Private debt near breaking point, investors issued warning

Private debt faces its first real test as interest rates remain high. The asset class enjoyed what Jonathan Gray, president of alternative-asset giant Blackstone, called a “golden moment” in 2023, when the rapid post-pandemic rise in borrowing costs made direct lending newly attractive to institutional investors. But with sovereign yields rising sharply and interest rates expected to stay elevated for longer, cracks have begun to appear. Last summer, a number of US business development companies (BDCs) saw a surge in investors seeking to redeem their holdings, forcing some funds to cap redemptions to avoid a disorderly rush for the exits. The question now is whether this marks the beginning of a more difficult phase – or even a reckoning for an asset class that has experienced explosive growth.

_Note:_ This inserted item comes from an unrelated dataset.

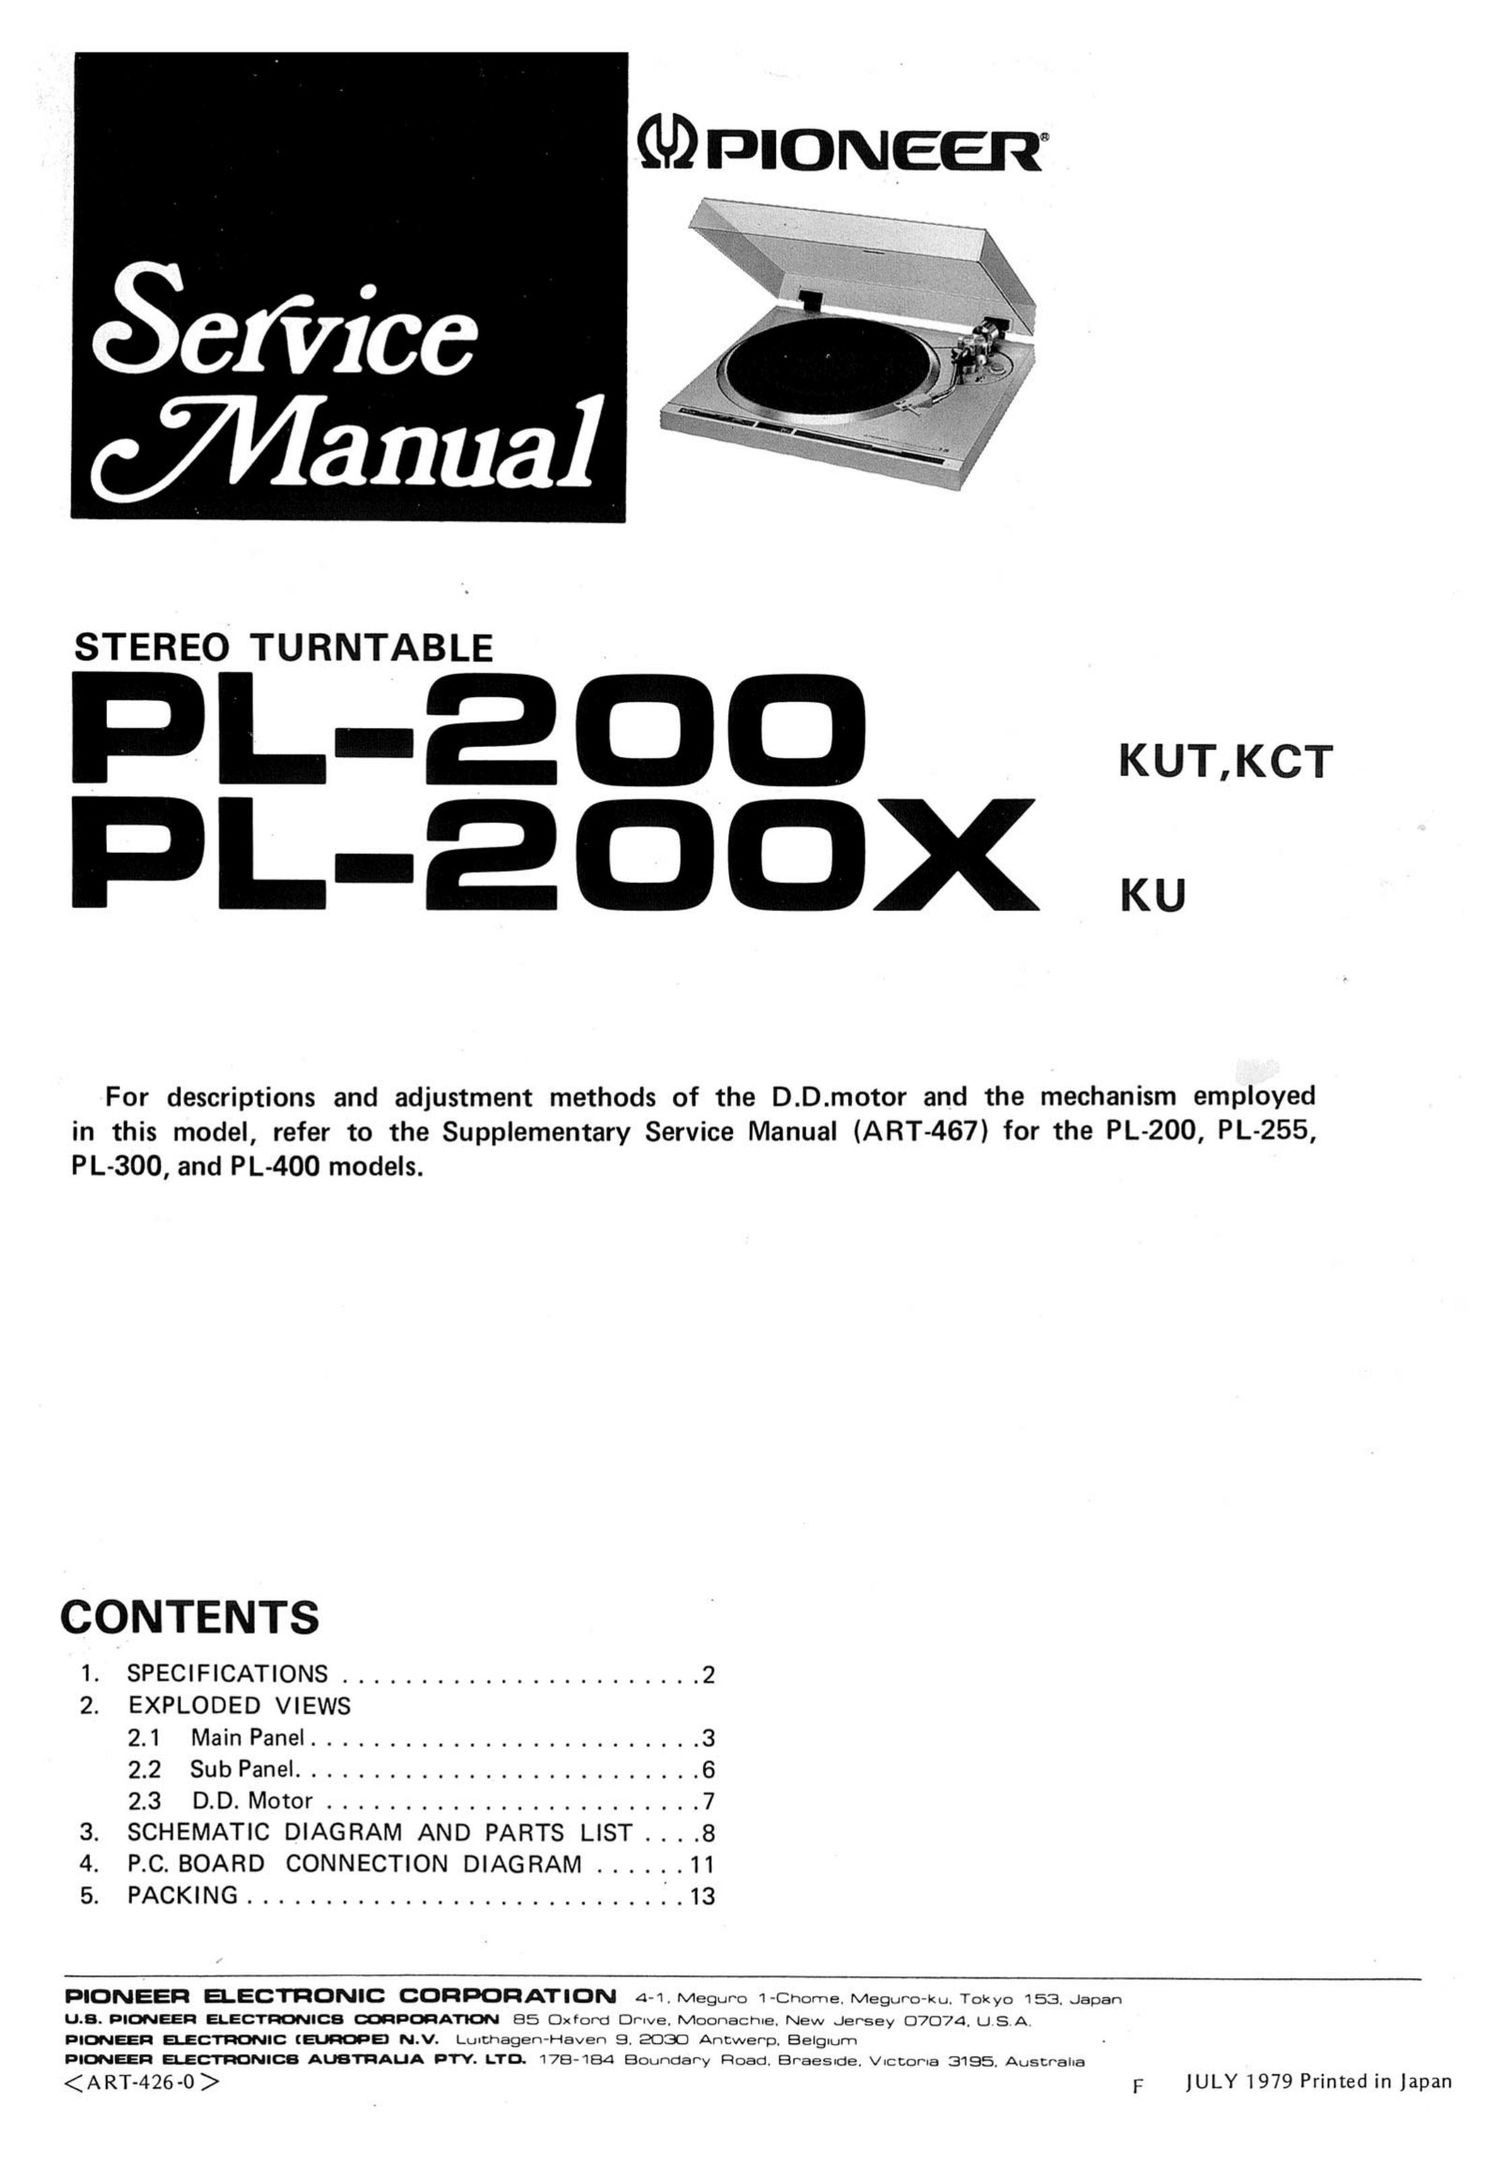 Pioneer PL 200 Service Manual
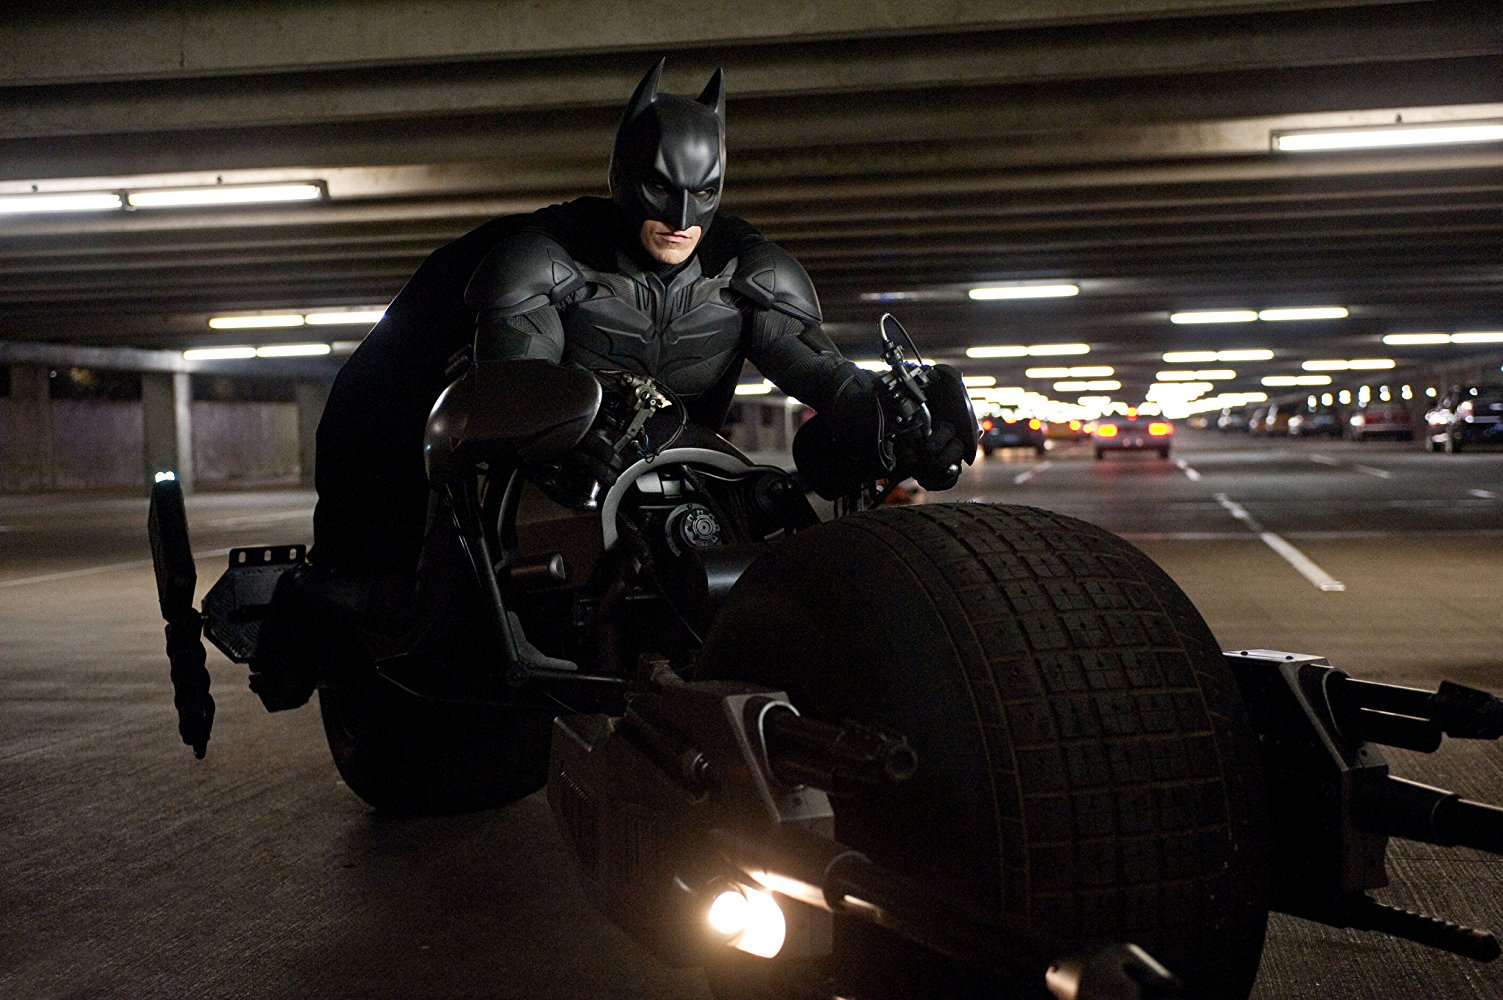 Batman (Christian Bale) on the Batbike in The Dark Knight Rises (2012)

Current challenges: higher rates, slower growth and redemption pressure
A more challenging macroeconomic environment is raising the risks for private debt. Slower growth, persistent inflation and the prospect of rates staying higher for longer are increasing the pressure on borrowers. The Bank of England’s system-wide exploratory scenario (SWES) exercise – a key indicator of heightened regulatory scrutiny – has specifically focused on the private markets ecosystem under stress, assuming a weak recovery with high interest rates and weak growth persisting. Globally, the Financial Stability Board is also increasing its focus on private credit, viewing it as part of the infrastructure of modern finance rather than merely an alternative asset class. In the UK, the Financial Conduct Authority is reviewing AIFMD reporting obligations, and the House of Lords published a report in January 2026 titled “Private markets: Unknown unknowns” that cited evidence on the growth of private credit and its regulatory implications. A UK parliamentary inquiry into the growth of private credit was launched in July 2025.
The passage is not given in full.